Options such as working longer and selling assets are not as risky as reverse mortgages or selling life insurance policies, two instruments marketed as ways to free up retirement cash.
A reverse mortgage allows homeowners to borrow from the home's equity in a lump sum, line of credit or regular payments, while not having to pay a monthly mortgage. The homeowner retains title and must pay insurance and property taxes while living there.
The loan and fees are due once all parties listed on the deed die, or the home is vacated for 12 straight months. The home is usually sold, and the proceeds from the sale are used to pay off the loan, plus interest and fees that can be up to 4 percent to 8 percent of the loan.
Reverse mortgages have become more attractive because the government raised lending limits to $417,000 last year, noted Eric Bachman, chief executive of Golden Gateway Financial in Oakland, Calif. But as equity drops, so does the amount one can borrow in a reverse mortgage, so timing is key.
However, experts such as AARP financial "ambassador" Jonathan Pond say reverse mortgages should be something of a last resort, because of high fees and the complicated nature of the loans. Reverse mortgages also mean the home will probably be sold at the end of the loan, mainly because the homeowner, or an heir, will want cash to pay off the mortgage. Seniors who want to leave their homestead to their children may not want to get a reverse mortgage.
Education is key, because of fears that reverse mortgage complexities could be used to trick seniors. To wit, the American Association of Residential Mortgage Regulators and the Conference of State Bank Supervisors established guidelines to be used starting early 2009 to review lenders and brokers selling reverse mortgages to seniors.
The guidelines are meant to guard consumers against fraud and abuse, "such as the simultaneous sale of unsuitable investments or deceptive sales practices," according to a December news release from the groups.

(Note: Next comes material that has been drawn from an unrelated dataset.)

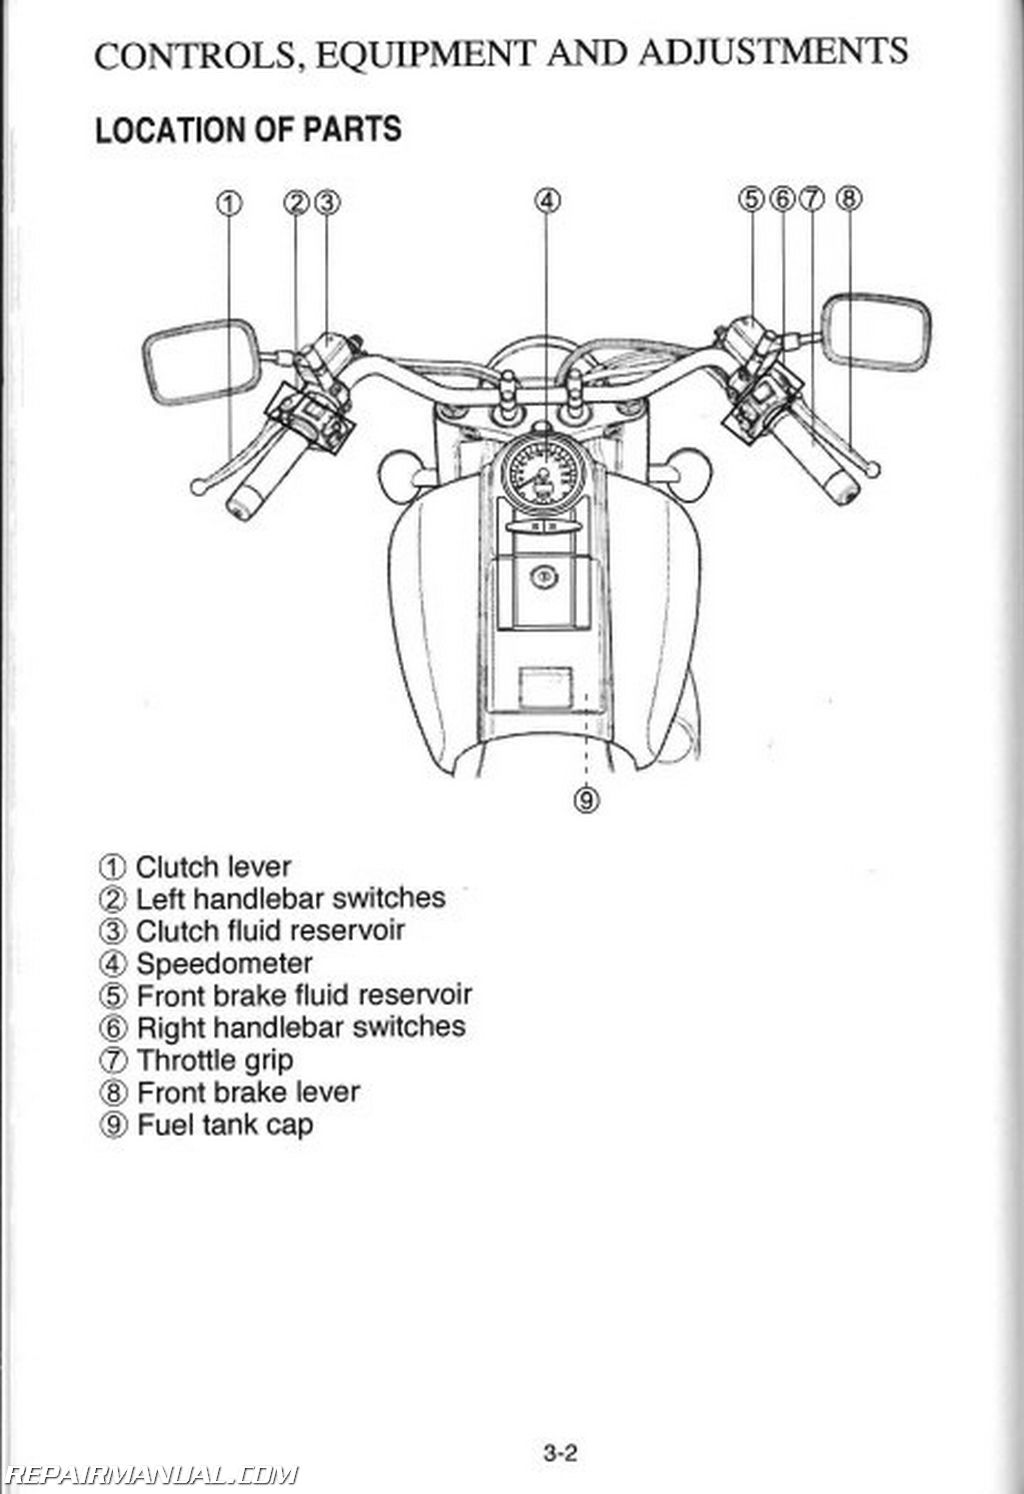 Wiring Diagram For Suzuki 2007 C90 Fuel Pump from www.repairmanual.com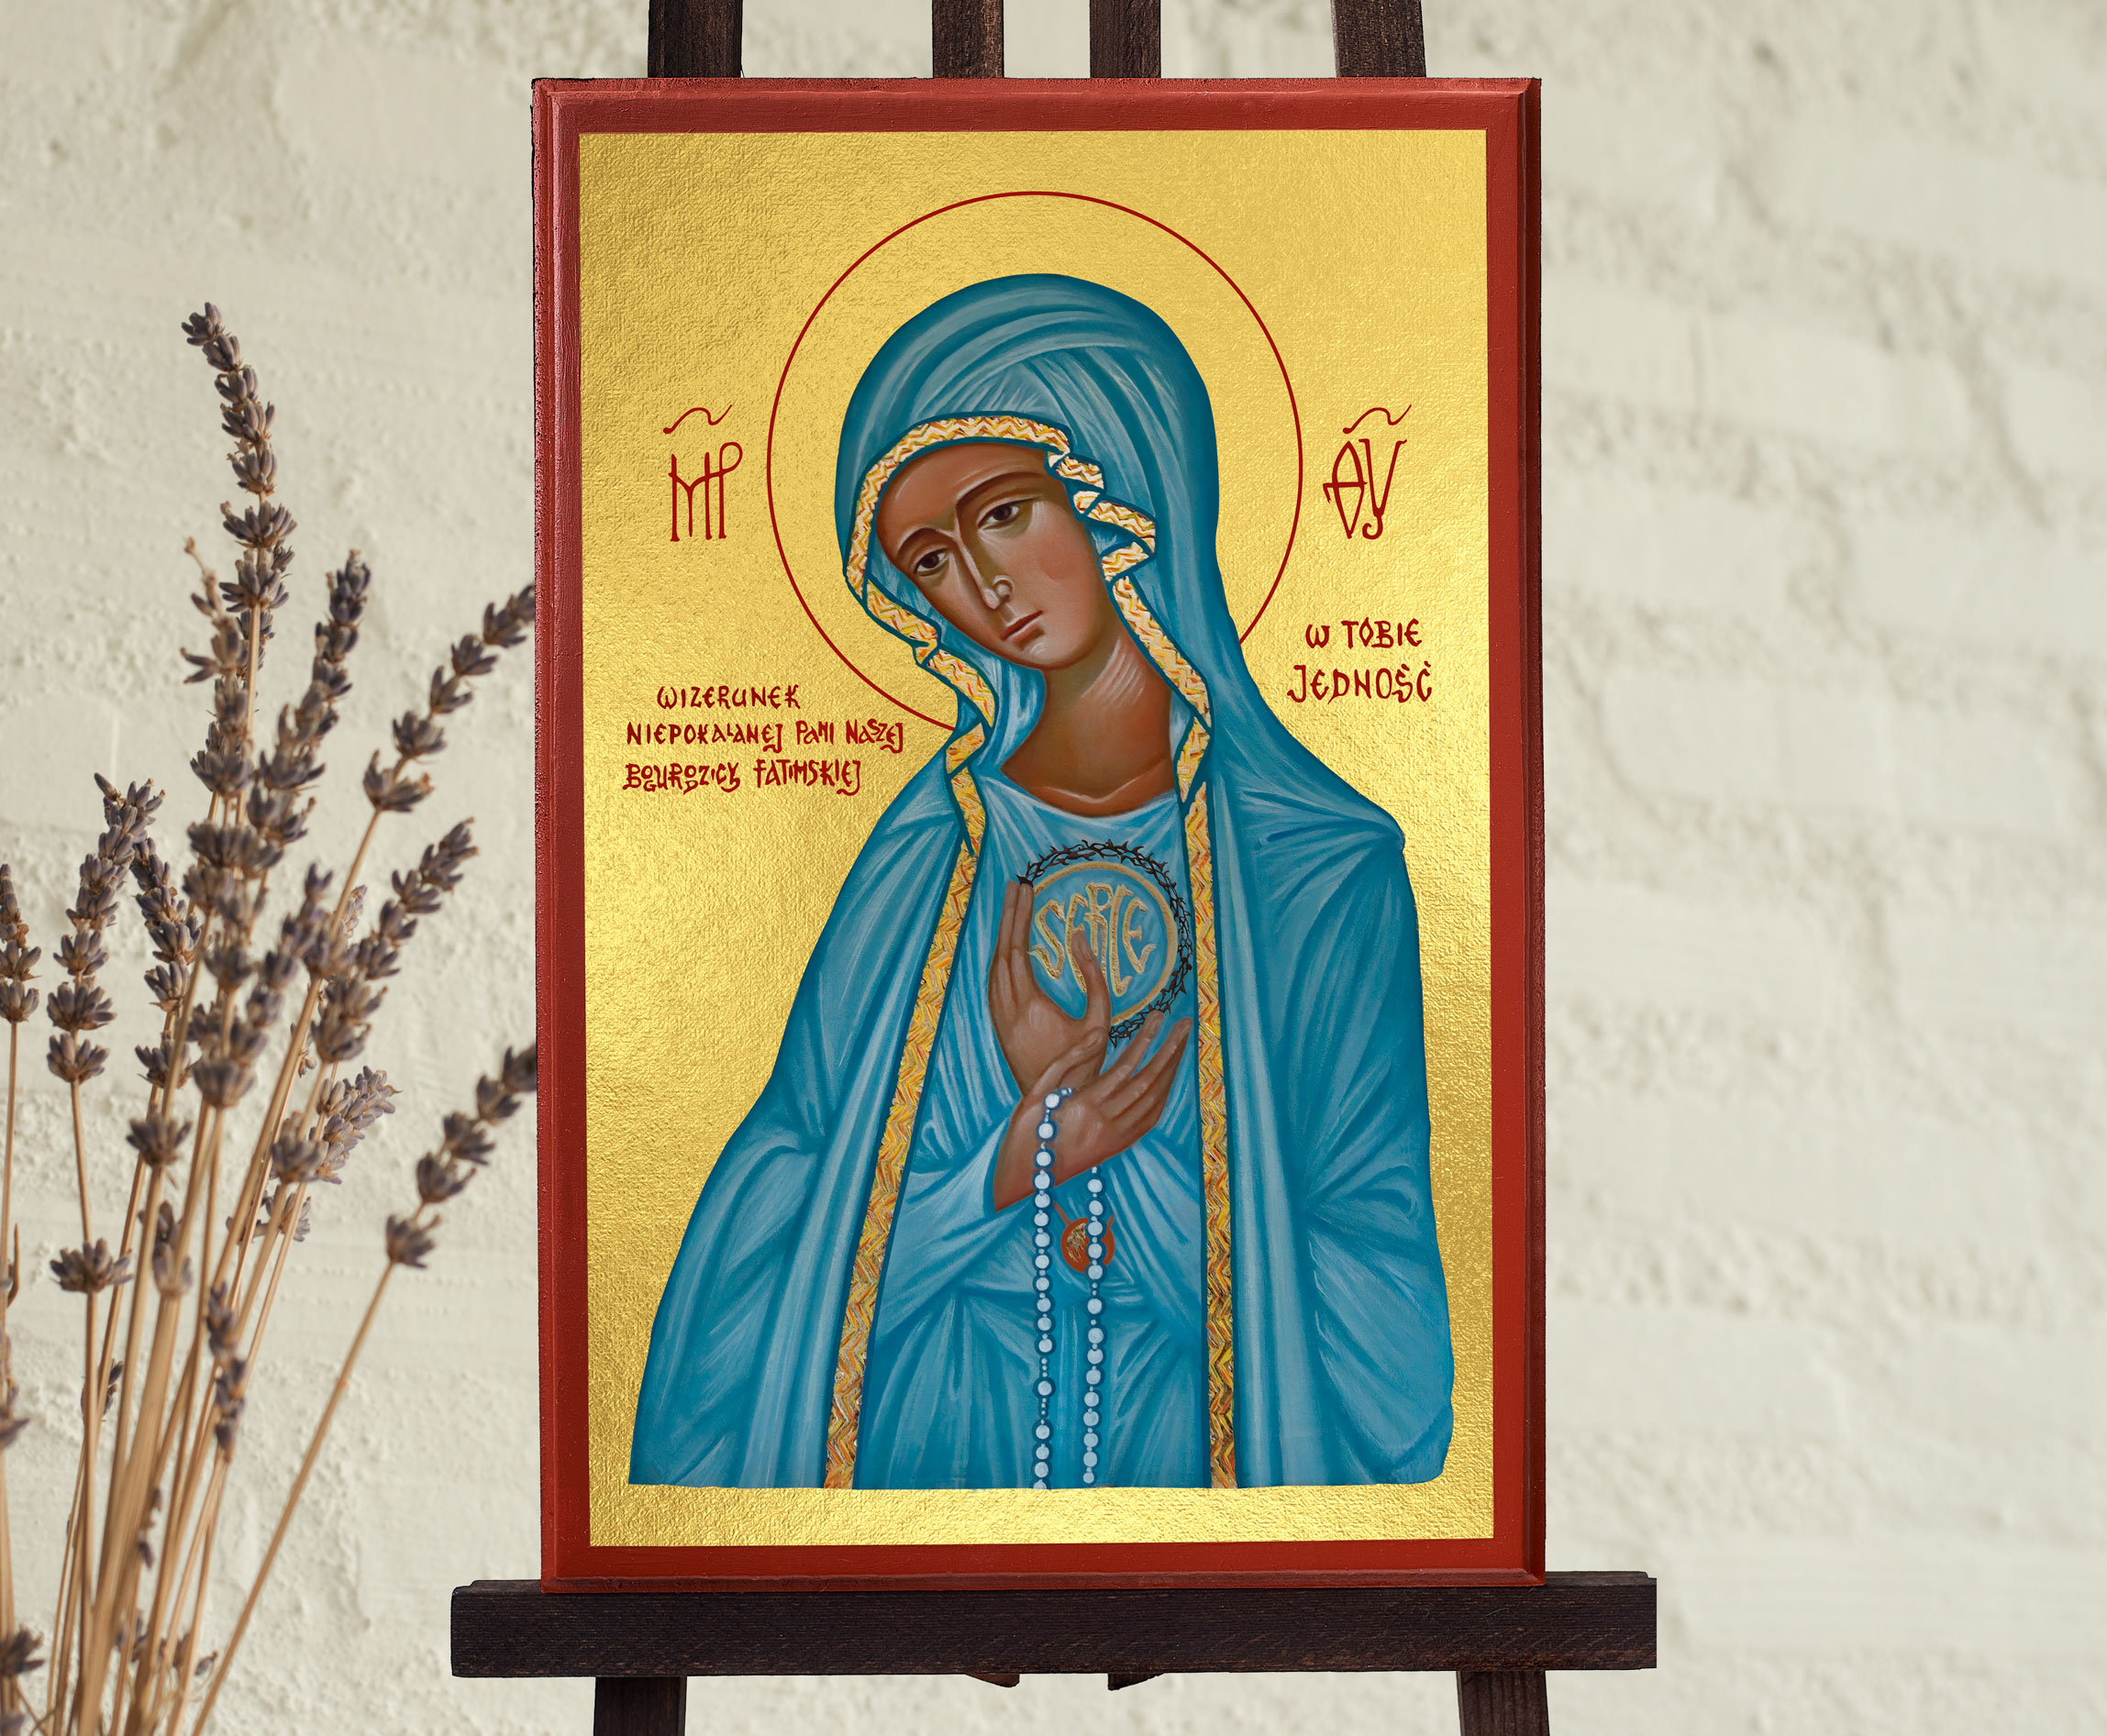 Matka Boża Fatimska - Ikona religijna

Finally, desperate seniors can sell their life insurance policy, either back to their insurer or on the private market. Bachman says insurers typically return 3 percent to 5 percent of the face value of the loan if it is bought back, but selling it on the private market could earn several times more.
This move, called a "life settlement," is risky because it leaves seniors without life insurance and financial security they had once desired to leave behind for loved ones.